WHAT IS EXPECTED –
Leave the images out and repeat the data exactly as given.

COLLECTED DATA –
************

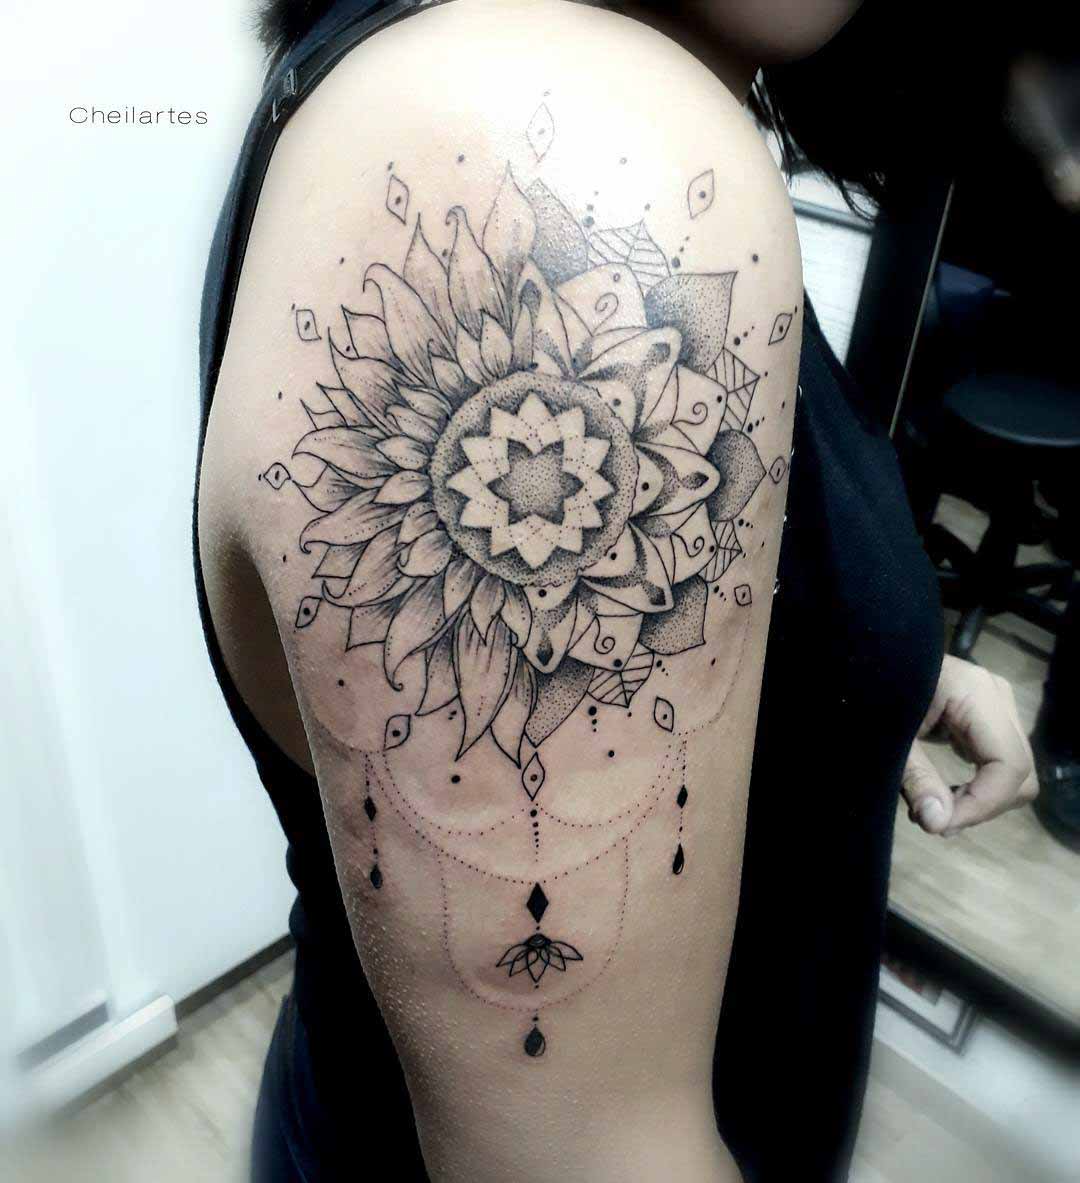 Stechfrequenz Tattoos  Sunflower Mandala Knee  tattoos tattooing  mandala mandalatattoo sunflower knee kneetattoo summer flowers   Facebook
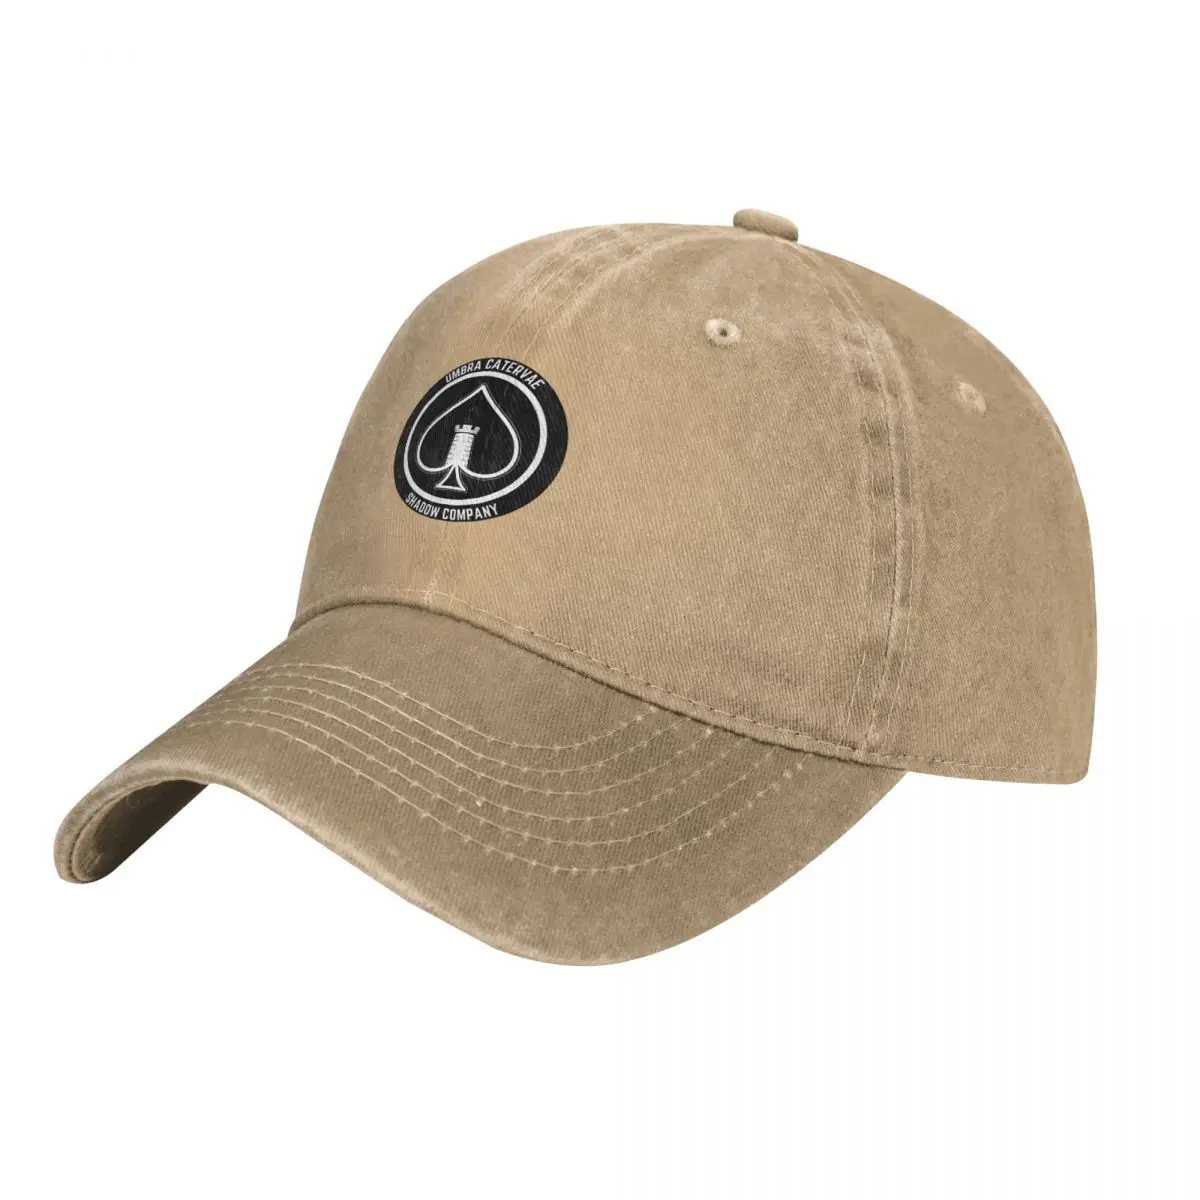 Shadow Company Emblem Cap Cowboy Hat bucket hat Sun cap military tactica... - $21.82
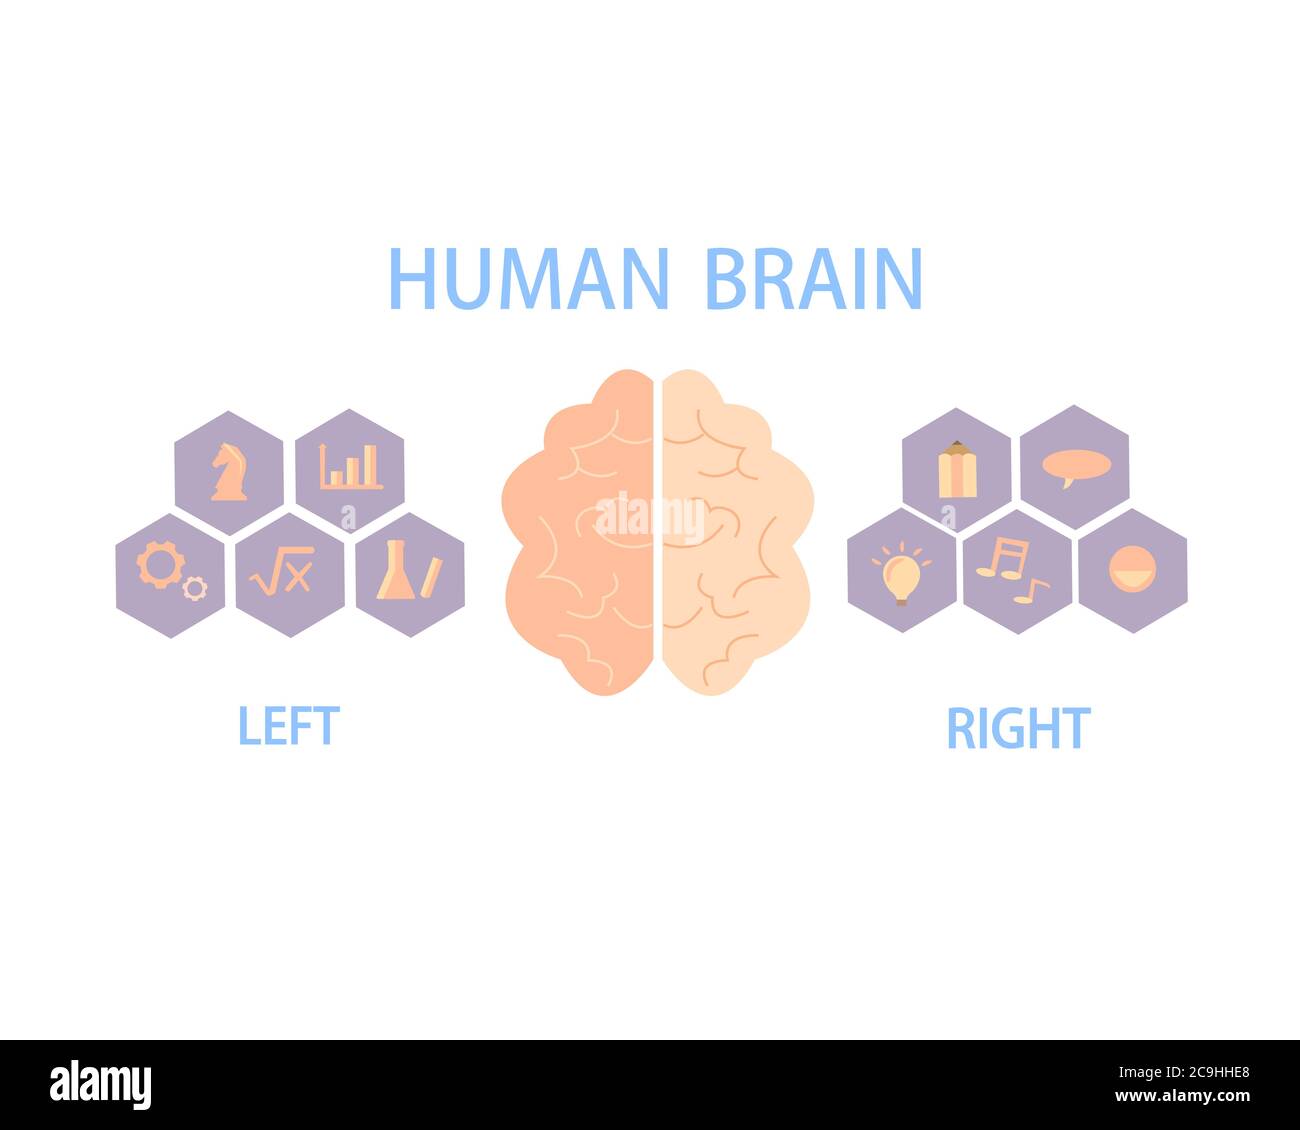 Das menschliche Gehirn teilt sich in linke und rechte Hemisphären auf, um den Körper und das Verhalten zu kontrollieren. Stock Vektor
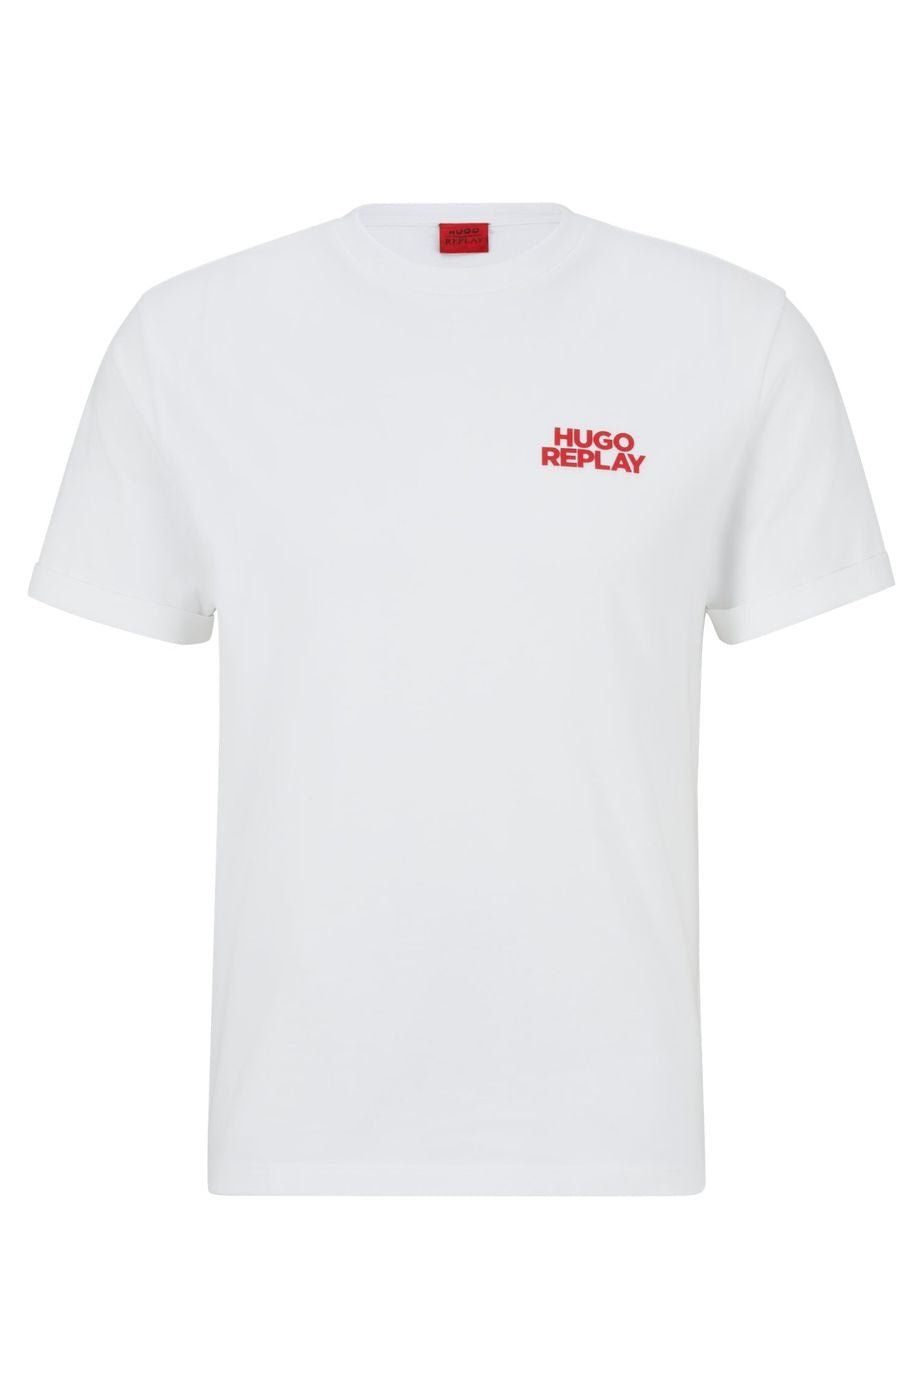 T-shirt HUGO BOSS x Replay - Crush Store

************

TASK OUTPUT –
 Stechfrequenz Tattoos  Sunflower Mandala Knee  tattoos tattooing  mandala mandalatattoo sunflower knee kneetattoo summer flowers   Facebook
 Shadow Company Emblem Cap Cowboy Hat bucket hat Sun cap military tactica... - $21.82
 Das menschliche Gehirn teilt sich in linke und rechte Hemisphären auf, um den Körper und das Verhalten zu kontrollieren. Stock Vektor
 T-shirt HUGO BOSS x Replay - Crush Store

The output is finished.